» **What is expected**:
Nothing but the lines from the one containing "Новые Минифигурки ниндзяго" through the end of the data should be retyped, exactly as they stand, and pictures should not be retyped.

» **Information supplied**:
Content starts
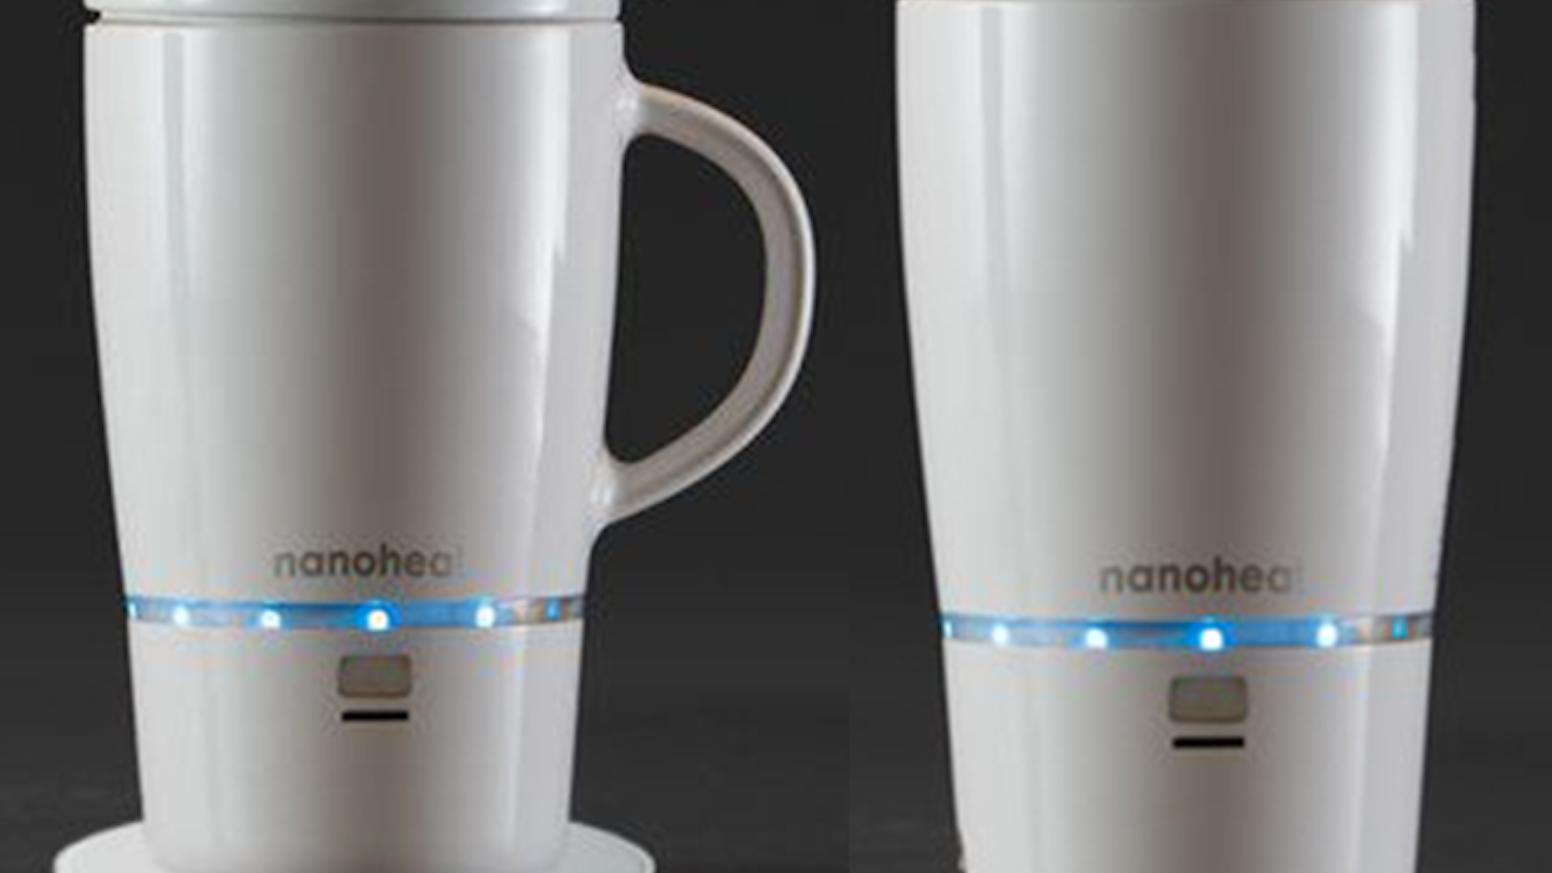 Nano Heated Wireless Mug Cup By Design Hmi Llc And Green
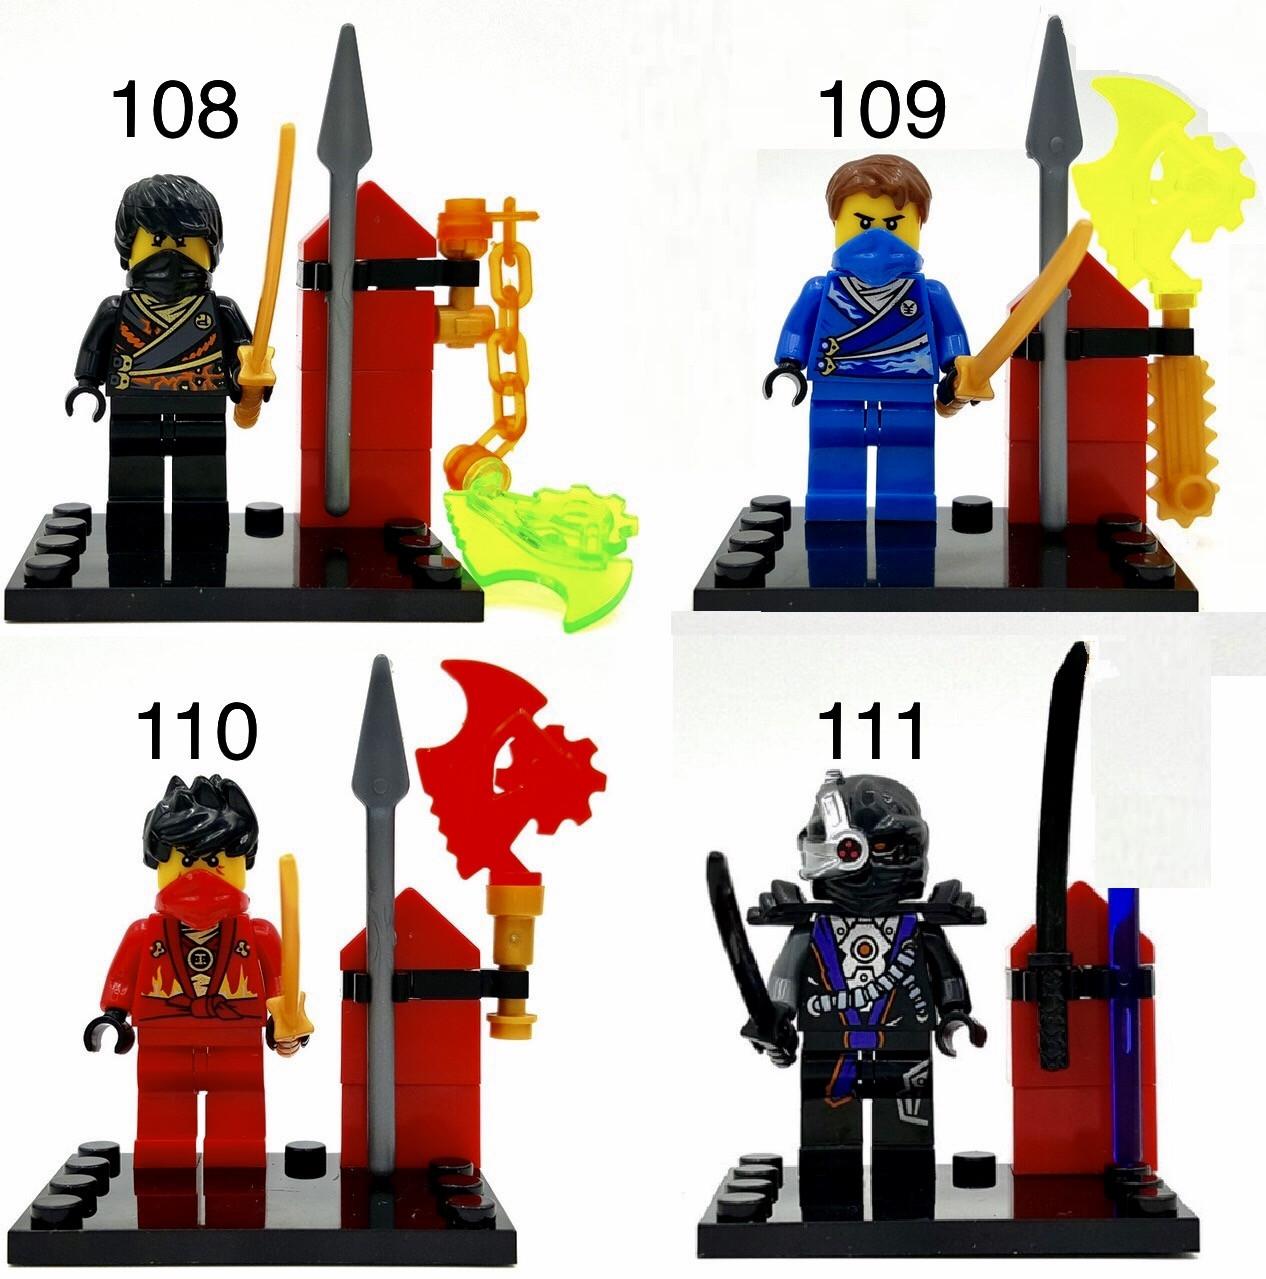 Новые Минифигурки ниндзяго ninjago Лего Lego Гармадон брелок фигурки дяпчики кай зейн ллойд Ниа Коул ниндроид
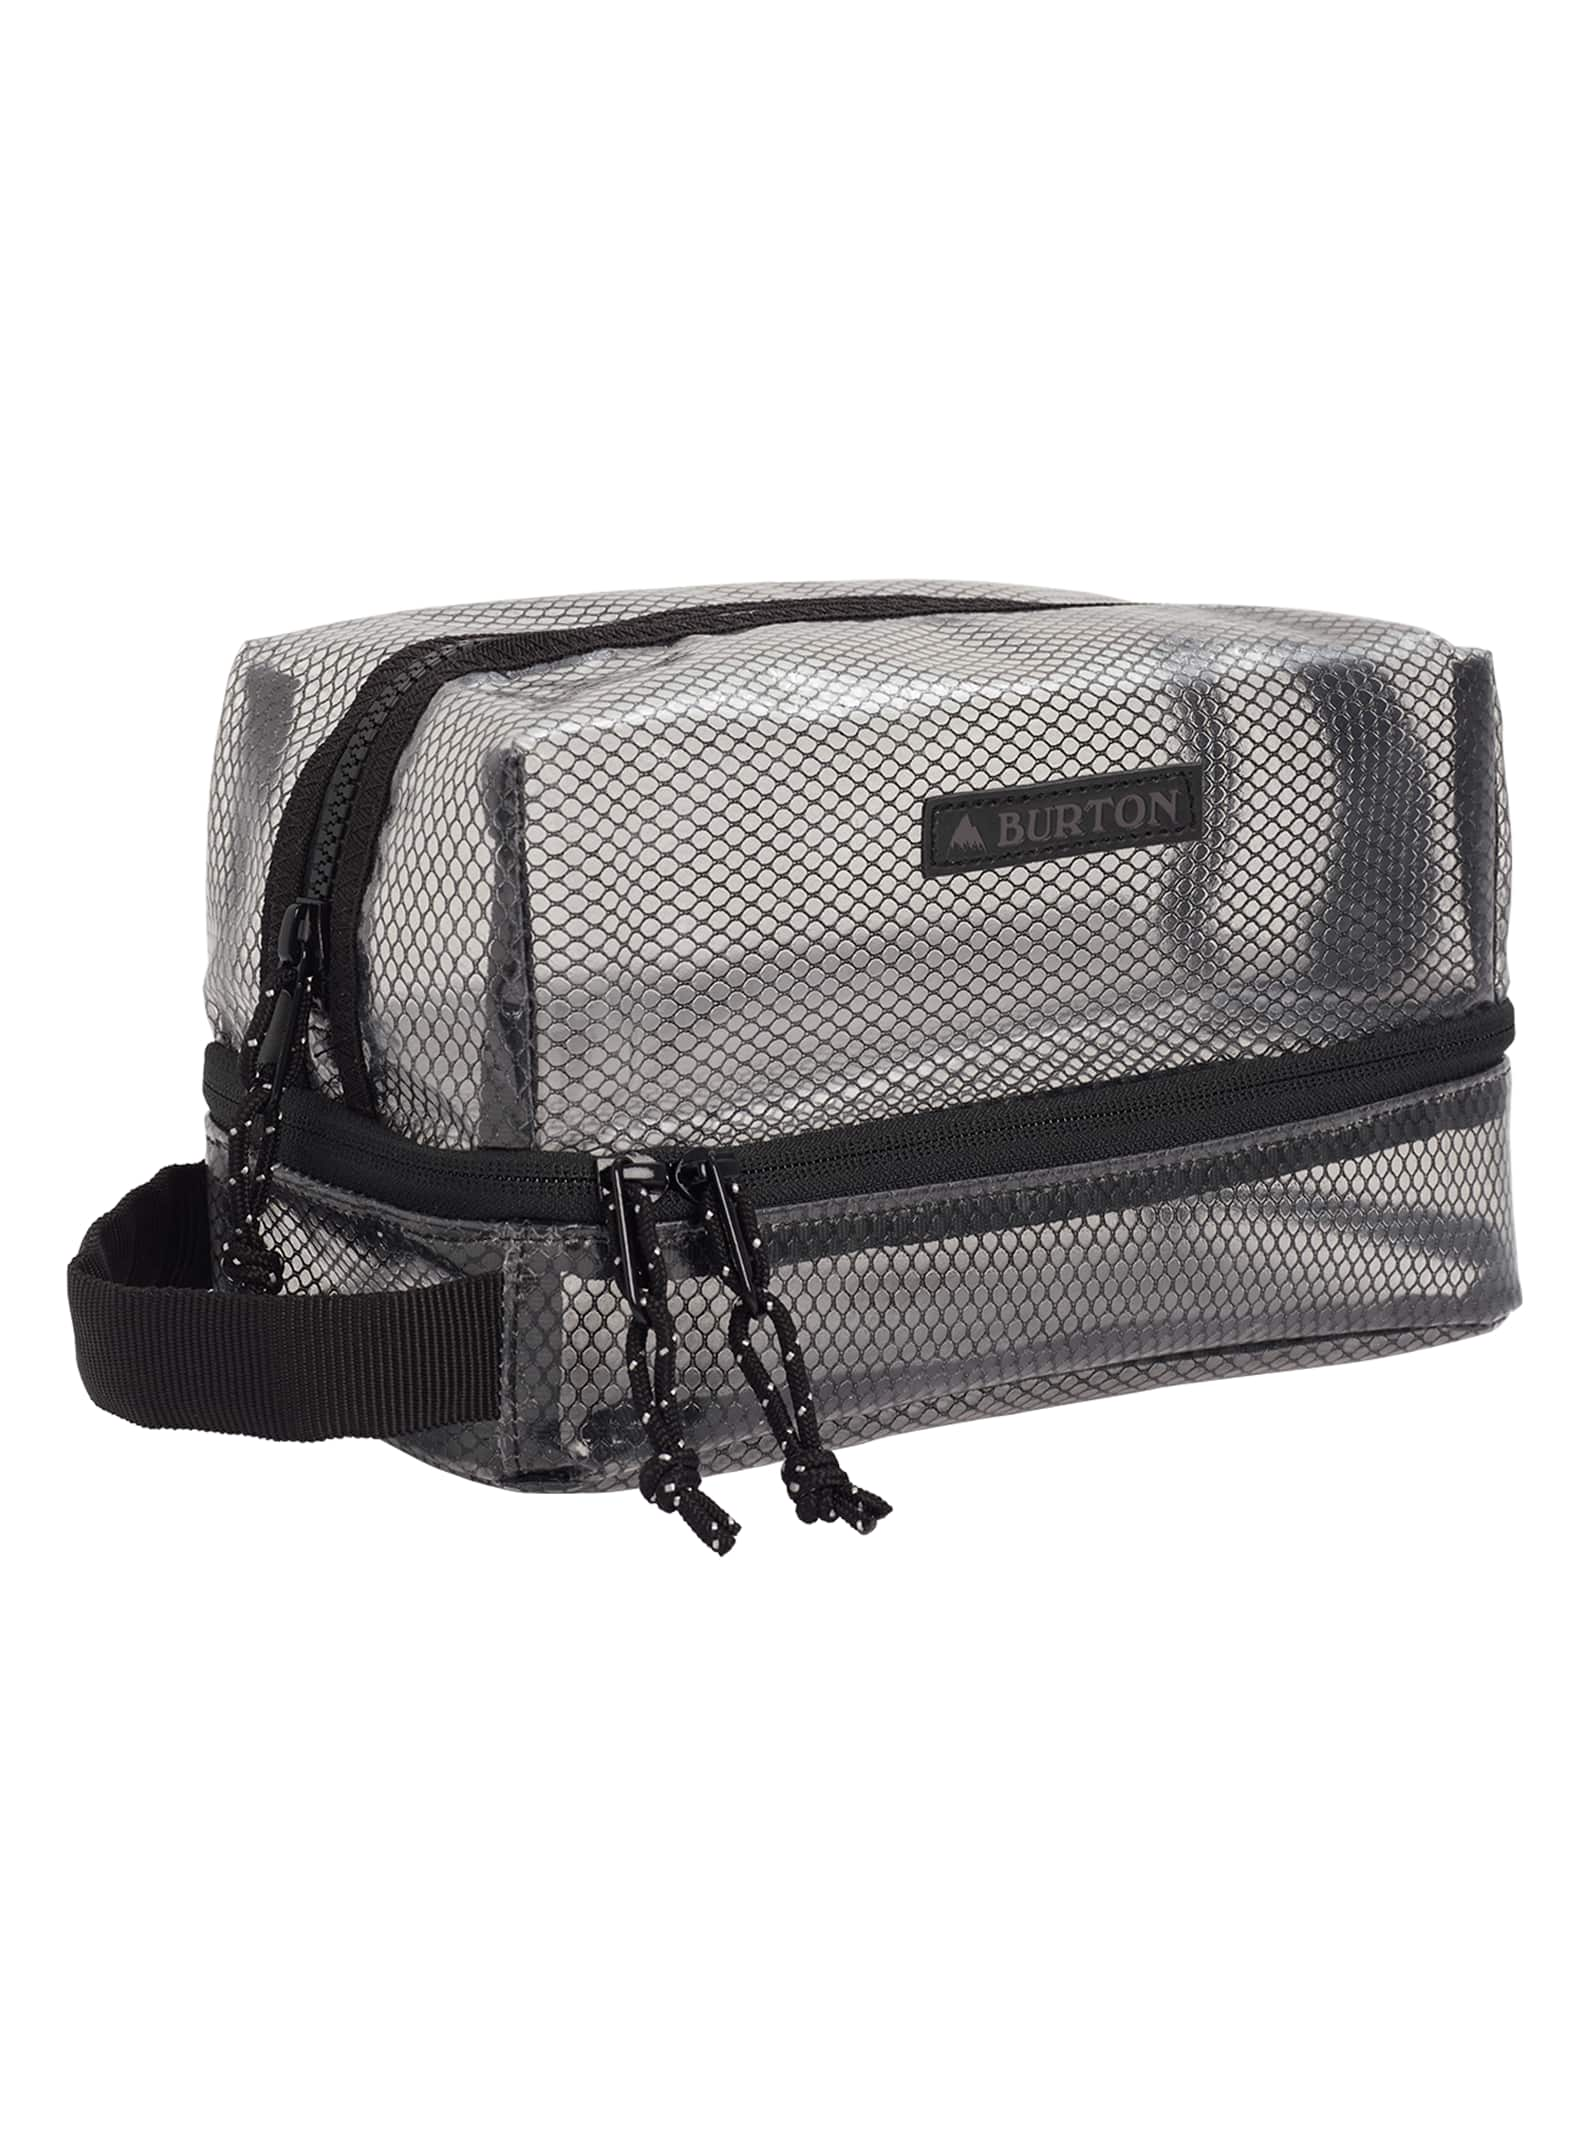 Burton Low Maintenance Kit 5L Accessory Bag, Clear
Content ends
» **Answer space**:
 Новые Минифигурки ниндзяго ninjago Лего Lego Гармадон брелок фигурки дяпчики кай зейн ллойд Ниа Коул ниндроид
 Burton Low Maintenance Kit 5L Accessory Bag, Clear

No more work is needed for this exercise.